On massively parallel computer systems, performance analysis and debugging can become an extremely complicated process. Over the years, experience has shown that user-friendly tools supporting this process are extremely helpful and can drastically shorten time-to-solution for a given problem. The complications arise because of the fact that traditional methods used on sequential computers like profiling or debugging step-for-step execution either deliver not enough information or present too much intrusion. A method that has proven usability to a certain degree is tracing. The structure of a typical tracing system is shown in Fig. 1.
Figure 1: Principle of tracing
Tracing is based on instrumenting a program before it is executed. Instrumentation extends parts of the program specified by the user in a way that data records are written into a protocol whenever these parts are executed. The records usually contain a time stamp, the number of the processor that has generated the record, an event type identifier, and a list of additional parameters depending on the event's type. Events that can be instrumented could be subprogram entries and exits or the sending or receiving of a message. Intrusion is reduced by writing the data records into a buffer located on the processor's local memory. I/O activity only takes place when this buffer overflows and has to be flushed to disk. After program end, the individual record streams are merged into a single stream that is sorted chronologically. Analysis can then be done off-line.
The problem of tracing is the large amount of data usually generated. Especially, when a program is traced for the first time, it is not known which parts of the program will be of interest; most people will enable all tracing options which quite often result in very huge trace files. Therefore, there is a need for a flexible and powerful tool that enables the programmer to quickly get an overview of the program run without disabling analyzation on the level of single events.

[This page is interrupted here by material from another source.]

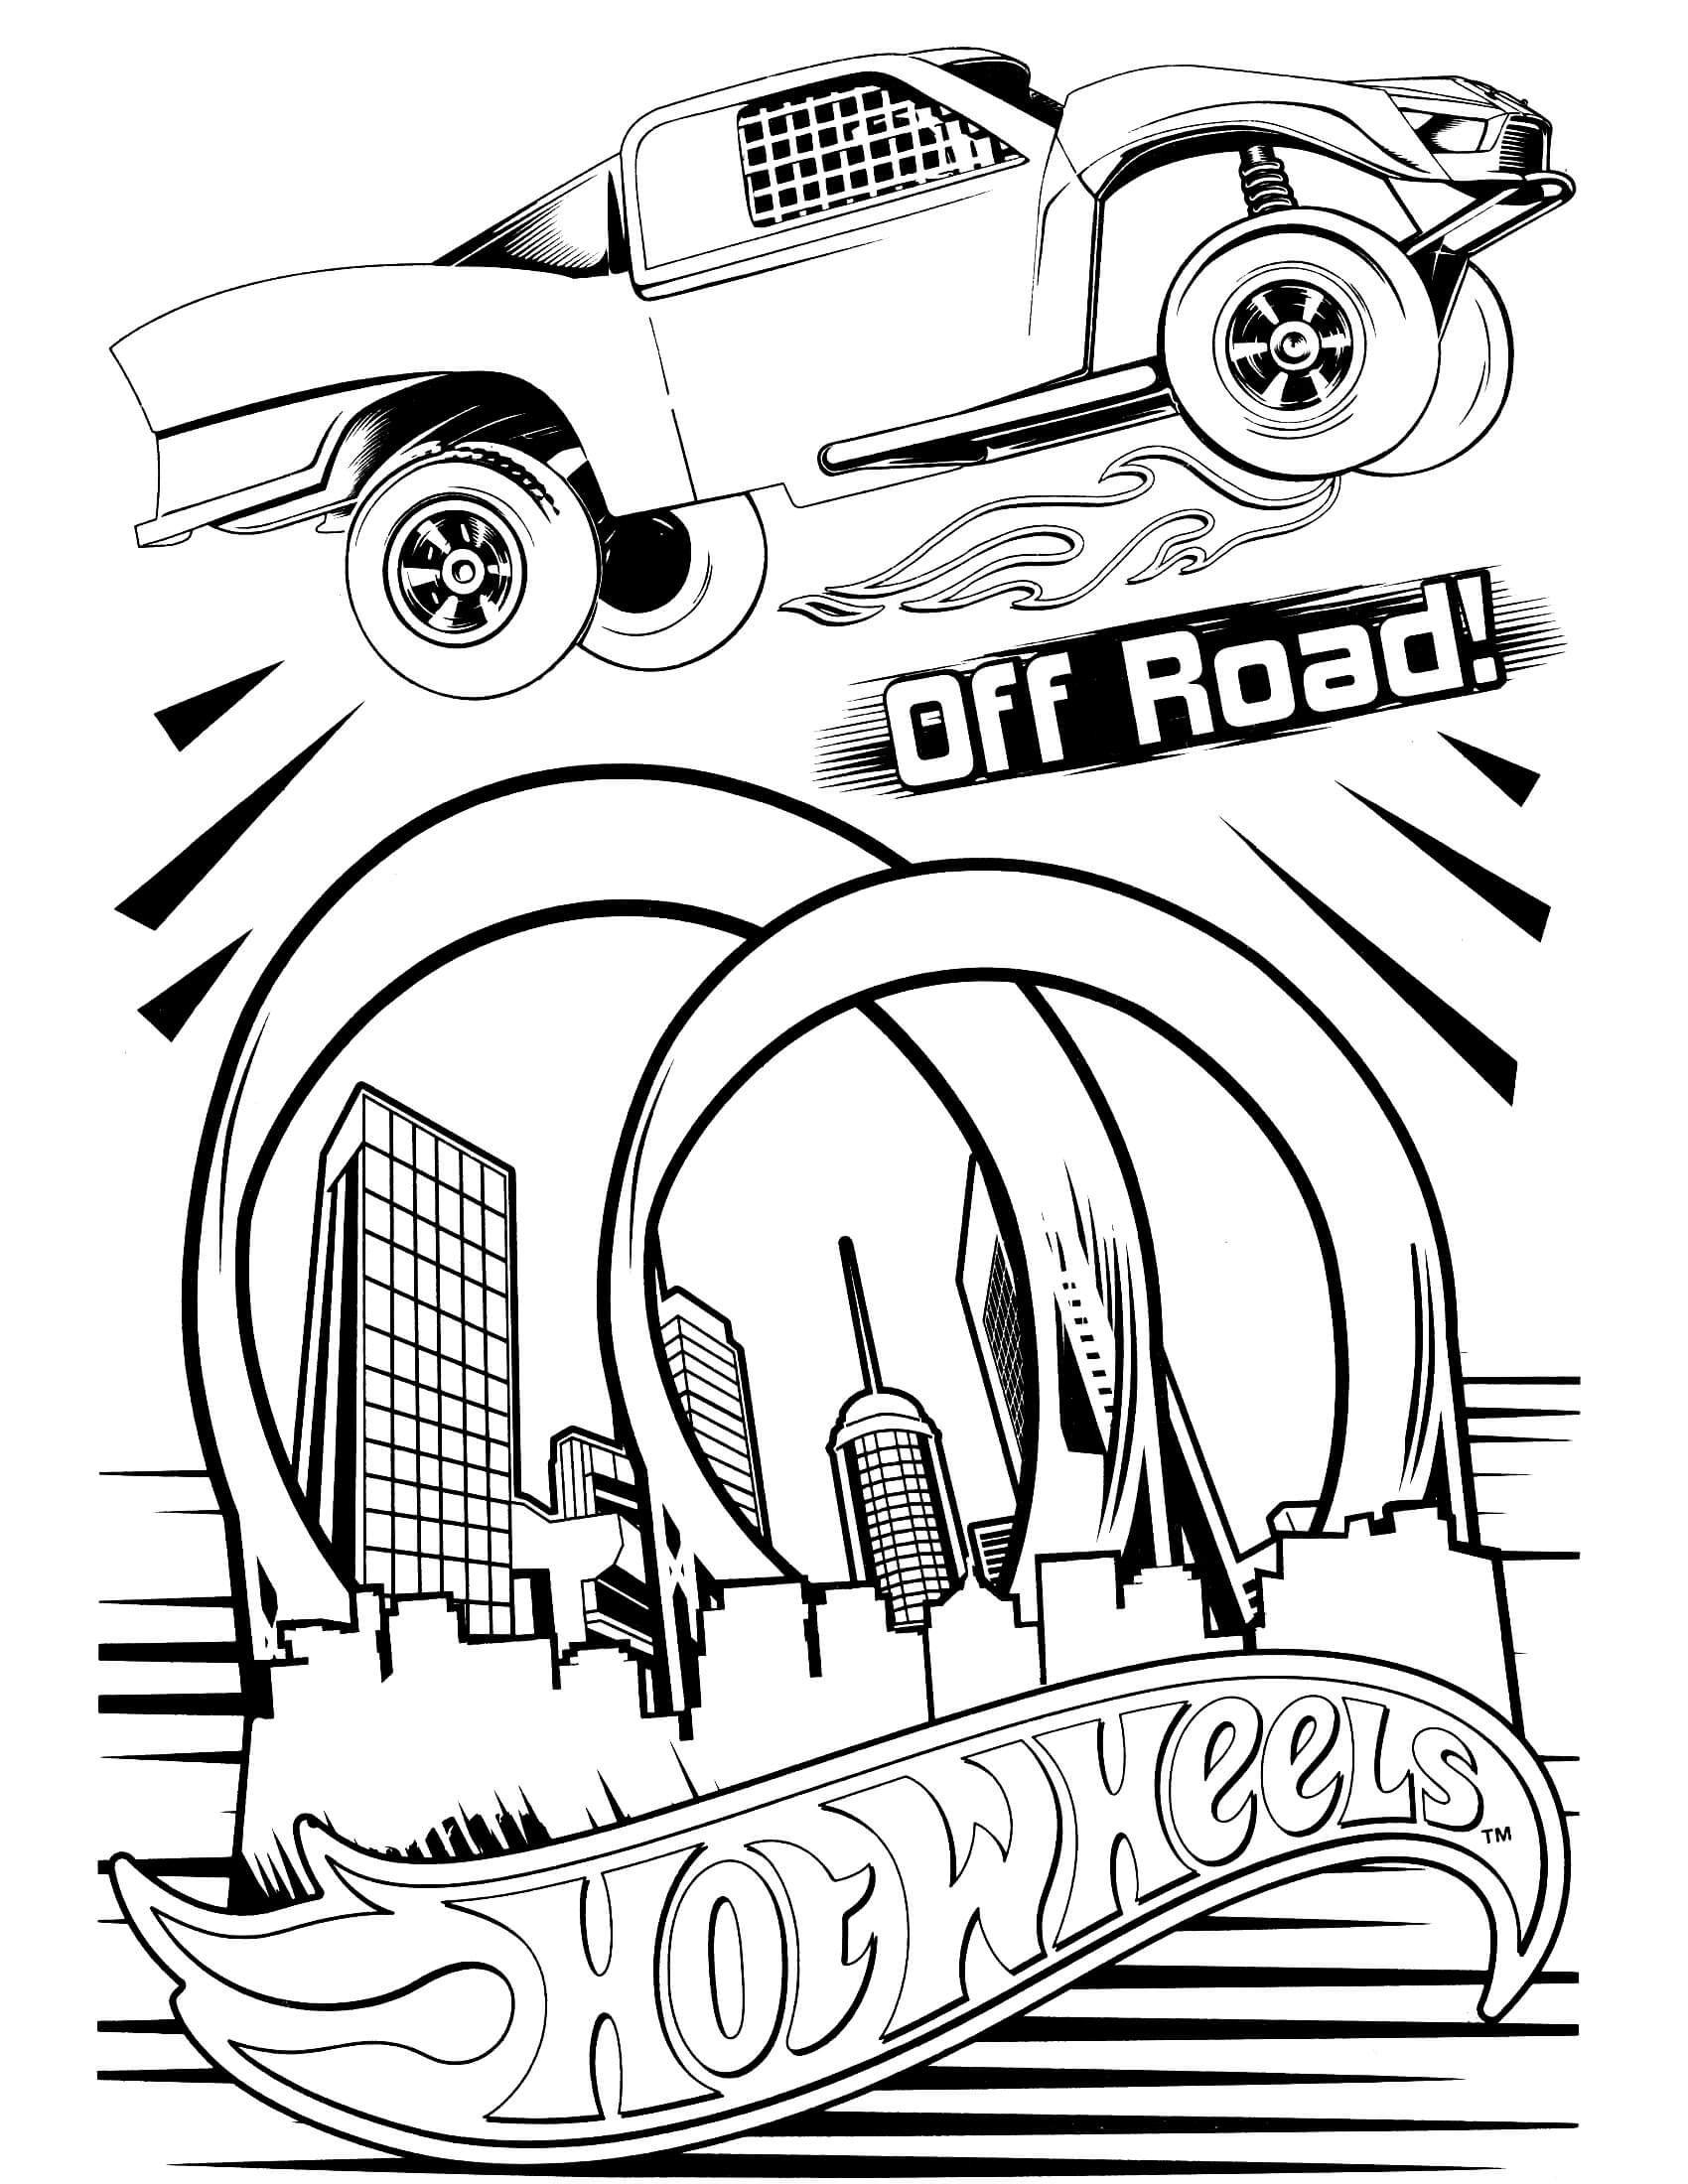 Hot Wheels Coloring Page Hot Wheels Birthday Race Car Coloring Pages Cars Coloring Pages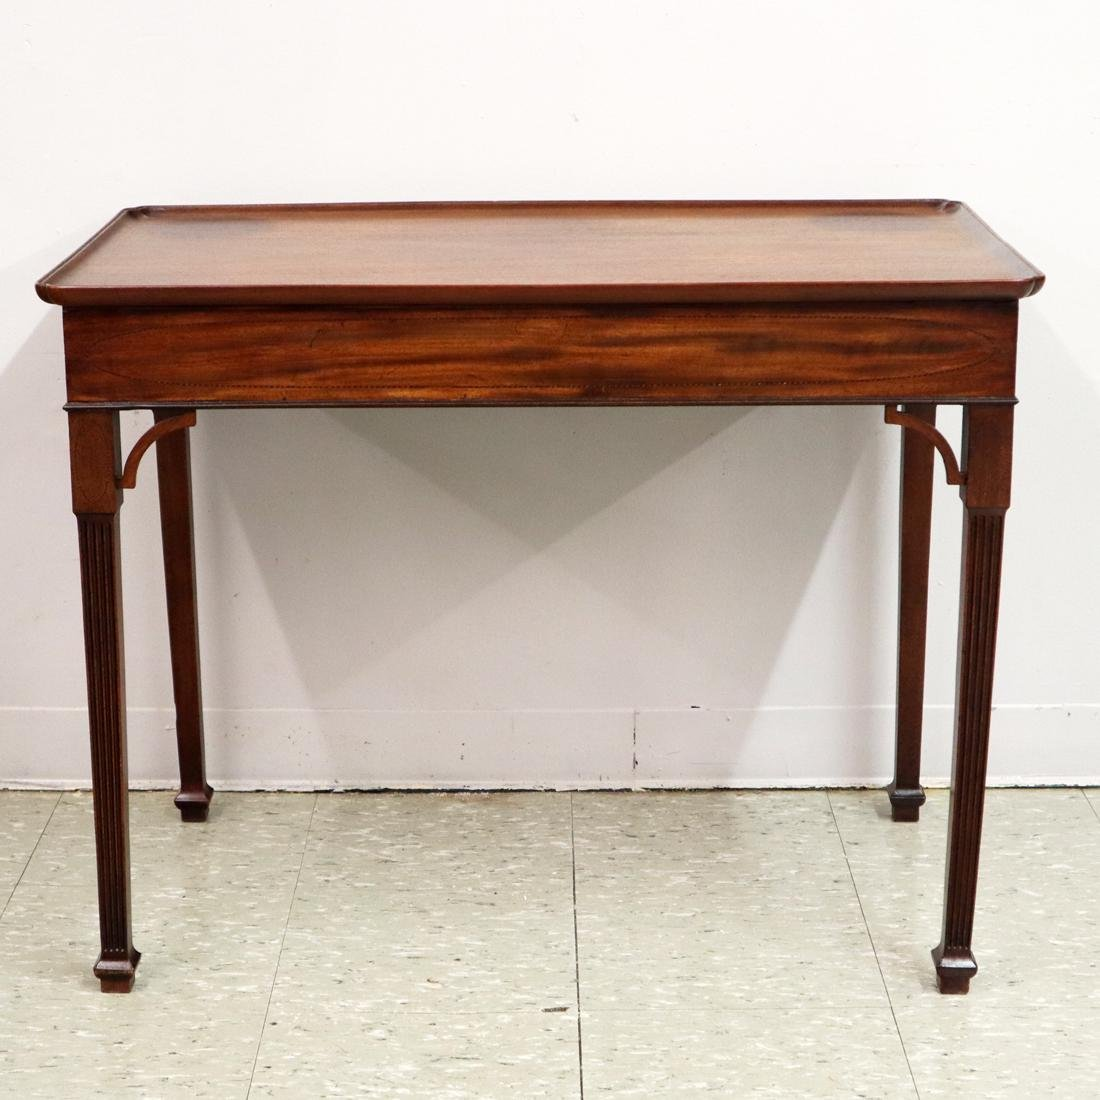 George III Silver Table

This paper describes the X Window based visualization environment VAMPIR which has been developed at KFA Jülich to support performance analysis of parallel programs. Like most of the other performance analysis tools available for parallel computers (Paragraph [Int93] or Pablo [Ree92]), VAMPIR is used on a post-mortem basis, and it translates a given trace file into a variety of graphical system views which provide a reasonable basis for system understanding and program optimization. VAMPIR is based on the visualization environment PARvis [Arn93, NaAr93, NaAr94, Mue95] running on a large variety of workstation platforms. It has been extended to support additional panels and filter functions for the new message passing standard MPI.